日本の本社が勝手に作るのではなく、違う背景や意見を持った者同士が、わっと意見を混ぜ合わせて作るべきだろうと。意見が違うので当然時間もかかるし、時差もあるしで大変なのですが、この大変さこそがダイバーシティだと捉えています。

杉島

前編では、ビジネスが多様化したことで、日本企業が中央集権型で主導することが難しくなってきたことから、海外を含めて組織を強化する「グローバル化」に取り組まれているというお話がありました。評価指標の議論は、まさにこの「グローバル化」を体現したものですね。

濱瀬

 そうですね。グローバルで、ゼロからみんなで議論することが大事ですから。「これを乗り越えなければ絶対にいいものはできない」と、メンバーにも働きかけていました。

杉島

ちなみに、以前の評価指標はどのようなものだったのでしょうか。

濱瀬

リーダーシップ評価には全部で54個の項目がありました。上司と社員それぞれが、この54個から伸ばしたい能力を5個選び、それに対してKPIを立て……という流れだったんです。

 

このやり方自体は、間違いではありません。ただ、会社が6万5千人と大きくなっており、先述のビジョン浸透、「Be the Right ONE」につなげるストーリーを描くためには、「どれでもいいから伸ばしましょう」ではなく豊通グループ社員である限りこれだけは絶対に備え、ステージを上げていってほしいもの」という項目を用意したほうがいい。そこで、54個からメイン項目5個、サブ項目11個に絞り込み、グローバルを含めた全社員共通の評価指標としました。全社徹底展開は推進中ですが。

杉島

確かに、そのほうが常に意識しやすいですね。

濱瀬

グローバルで取り組むのであれば、分かりやすいものにしなくてはいけません。シンプルになった代わりに、この評価指標は絶対守るべきものになりました。

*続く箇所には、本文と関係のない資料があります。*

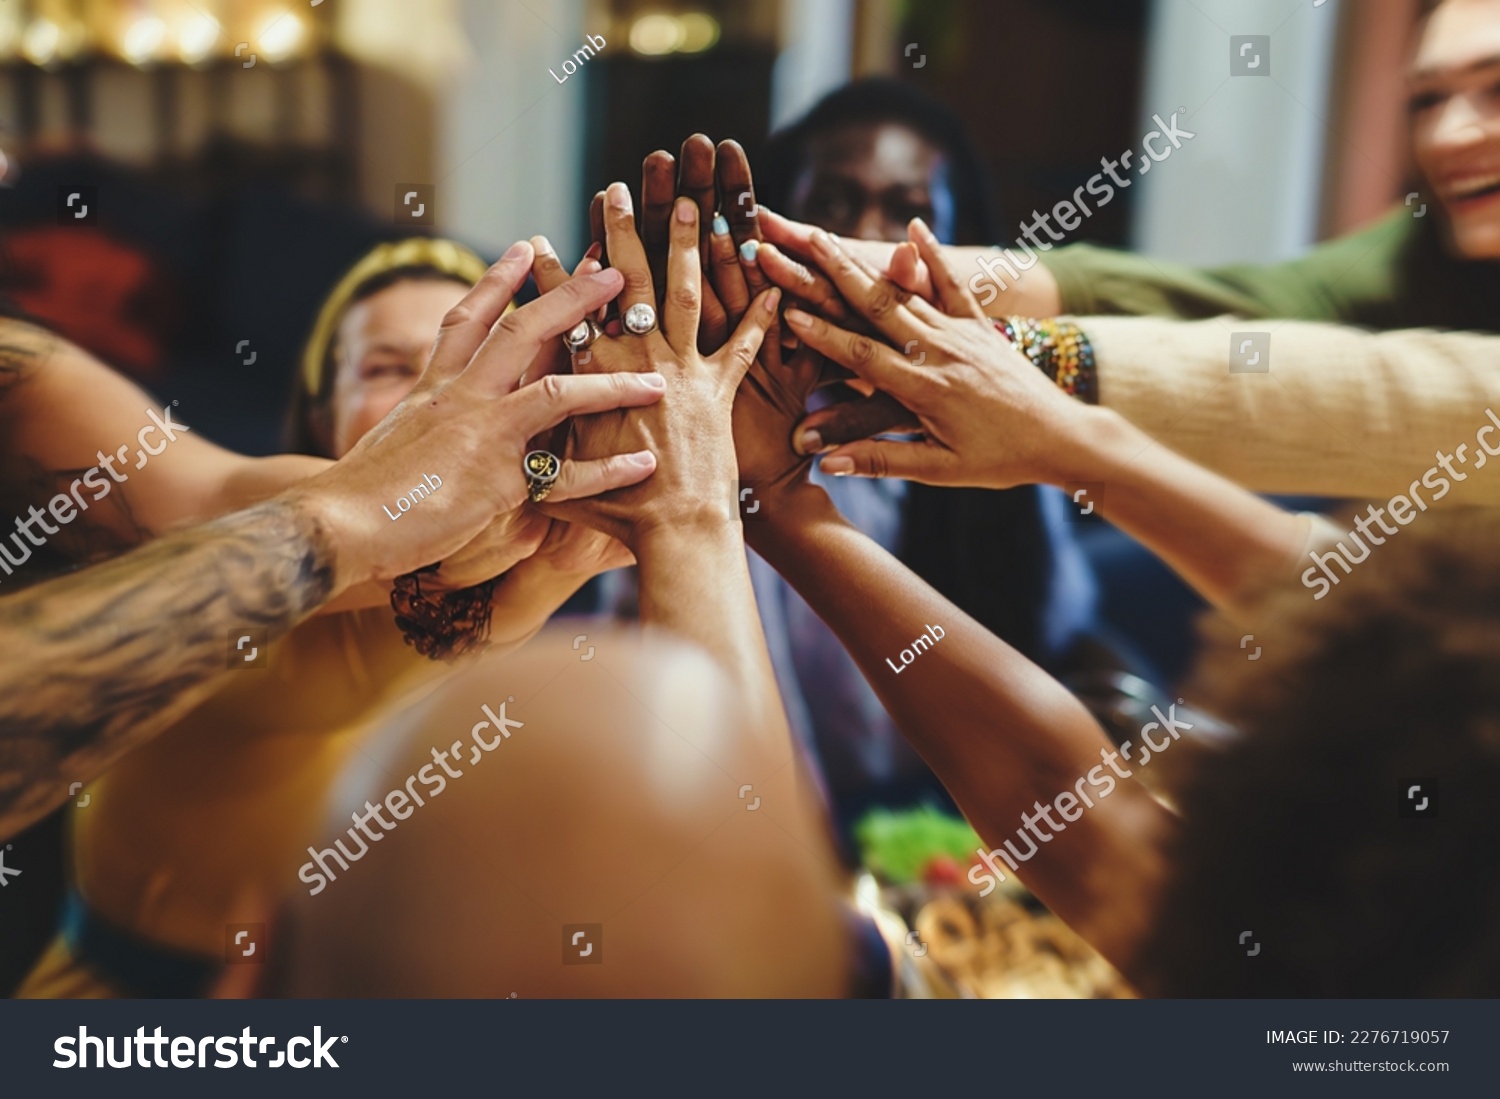 A diverse group of friends, in their forties, with various ethnicities and tattoos, gather around a table for dinner. They enthusiastically join hands in a high-five, blurred faces and focus on hands #2276719057

どんなにパフォーマンスが良くても、売上を上げても、評価指標に沿わなければ「Be the Right ONE」のストーリーに沿わないことを意味するので、評価の対象にはなりません。

杉島

評価指標と連動したことで、ビジョンが浸透しやすくなりますし、同じビジョンを共有した仲間同士が結びつくことで「報酬プラスアルファ」の部分も生まれやすい……。なるほど、すべてはつながっているわけですね。

濱瀬

人事としては、同じ志を持つ集団をつくることで、最高最強の組織を創りたいと思っています。離職もあるでしょうが当人の成長のためにもポジティブな退職であってほしいし、共鳴共感できるよい仲間と人生の日々を過ごせたことは素晴らしい財産だと思うのです。たとえ会社を離れても、いろいろな機会につながることもあるでしょう。

杉島

人とのつながりは続きますからね。弊社のクライアントにもグローバル展開をされている企業さんが多いので、今日の濱瀬さんのお話は有益なヒントになったと思います。なにより、私自身とても学びの多い時間になりました。今日はありがとうございました!